This miniature painting depicts Raga Gurjari playing on her veena and a deer by her side seems to be spellbound by the tune. (17th century)

Knowledge of Hindustani classical music is taught through a network of classical music schools, called gharana. Hindustani classical music is an integral part of the culture of North India and is performed across the country and internationally. Exponents of Hindustani classical music, including Ustad Bismillah Khan, Pandit Bhimsen Joshi and Ravi Shankar have been awarded the Bharat Ratna, the highest civilian award of India, for their contributions to the arts.

== History ==
Around the 12th-century, Hindustani classical music diverged from what eventually came to be identified as Carnatic classical music. The central notion in both systems is that of a melodic musical mode or raga, sung to a rhythmic cycle or tala. It is melodic music, with no concept of harmony. These principles were refined in the musical treatises Natya Shastra, by Bharata Muni (2nd–3rd century CE), and Dattilam (probably 3rd–4th century CE).

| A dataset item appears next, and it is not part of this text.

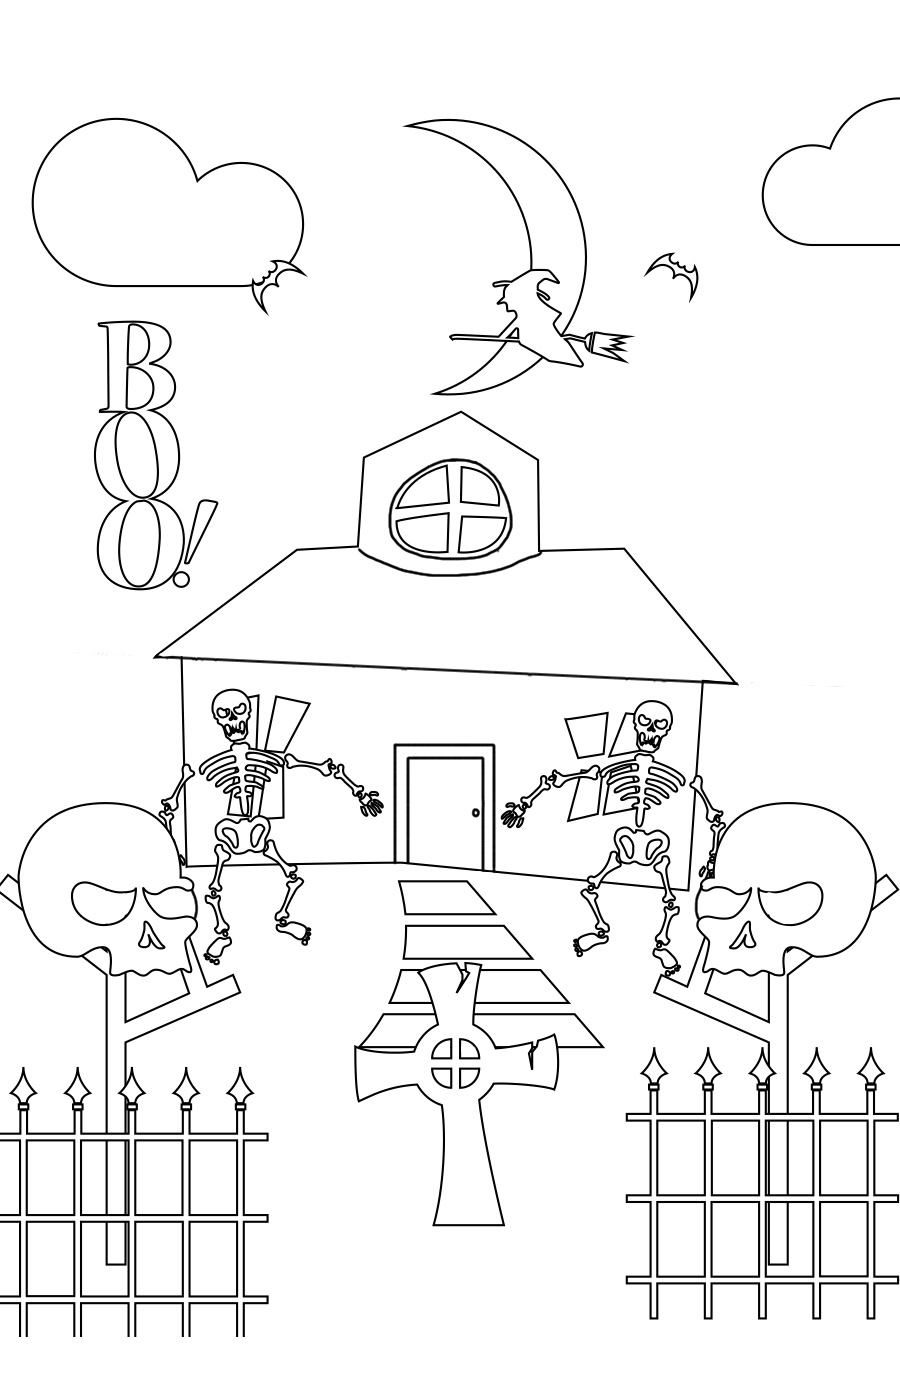 Skeleton and Zombie Coloring Page

In medieval times, the melodic systems were fused with ideas from Persian music, particularly through the influence of Sufi composers like Amir Khusro, and later in the Mughal courts, noted composers such as Tansen flourished, along with religious groups like the Vaishnavites. Artists such as Dalptaram, Mirabai, Brahmanand Swami and Premanand Swami revitalized classical Hindustani music in the 16-18th century.

After the 16th century, the singing styles diversified into different gharanas patronized in different princely courts. Around 1900, Vishnu Narayan Bhatkhande consolidated the musical structures of Hindustani classical music, called ragas, into a few thaats based on their notes. This is a very flawed system but is somewhat useful as a heuristic.

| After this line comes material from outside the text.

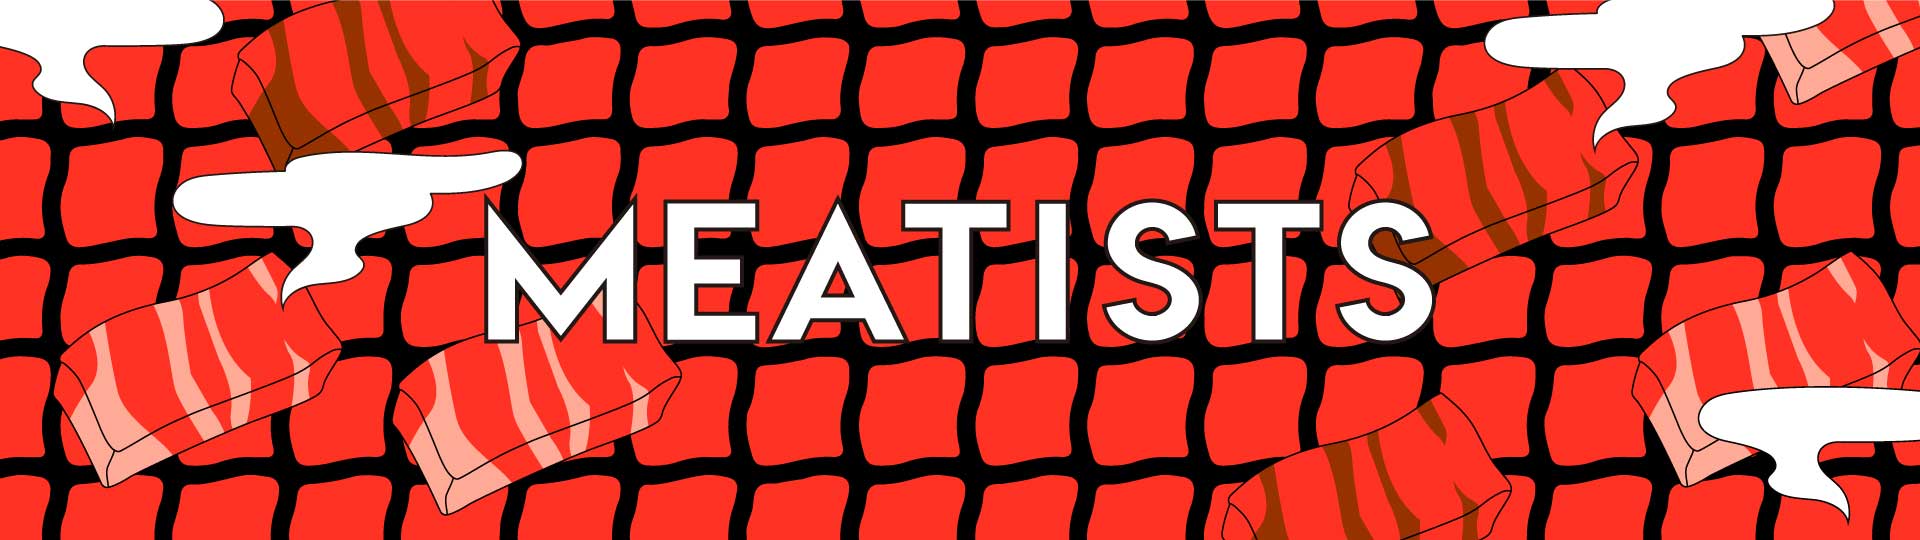 MEATISTS

Distinguished musicians who are Hindu may be addressed as Pandit and those who are Muslim as Ustad. An aspect of Hindustani music going back to Sufi times is the tradition of religious neutrality: Muslim ustads may sing compositions in praise of Hindu deities, and Hindu pandits may sing similar Islamic compositions.

Vishnu Digambar Paluskar in 1901 founded the Gandharva Mahavidyalaya, a school to impart formal training in Hindustani classical music with some historical Indian Music. This was a school open to all and one of the first in India to run on public support and donations, rather than royal patronage. Many students from the school's early batches became respected musicians and teachers in North India. This brought respect to musicians, who were treated with disdain earlier. This also helped spread of Hindustani classical music to the masses from royal courts.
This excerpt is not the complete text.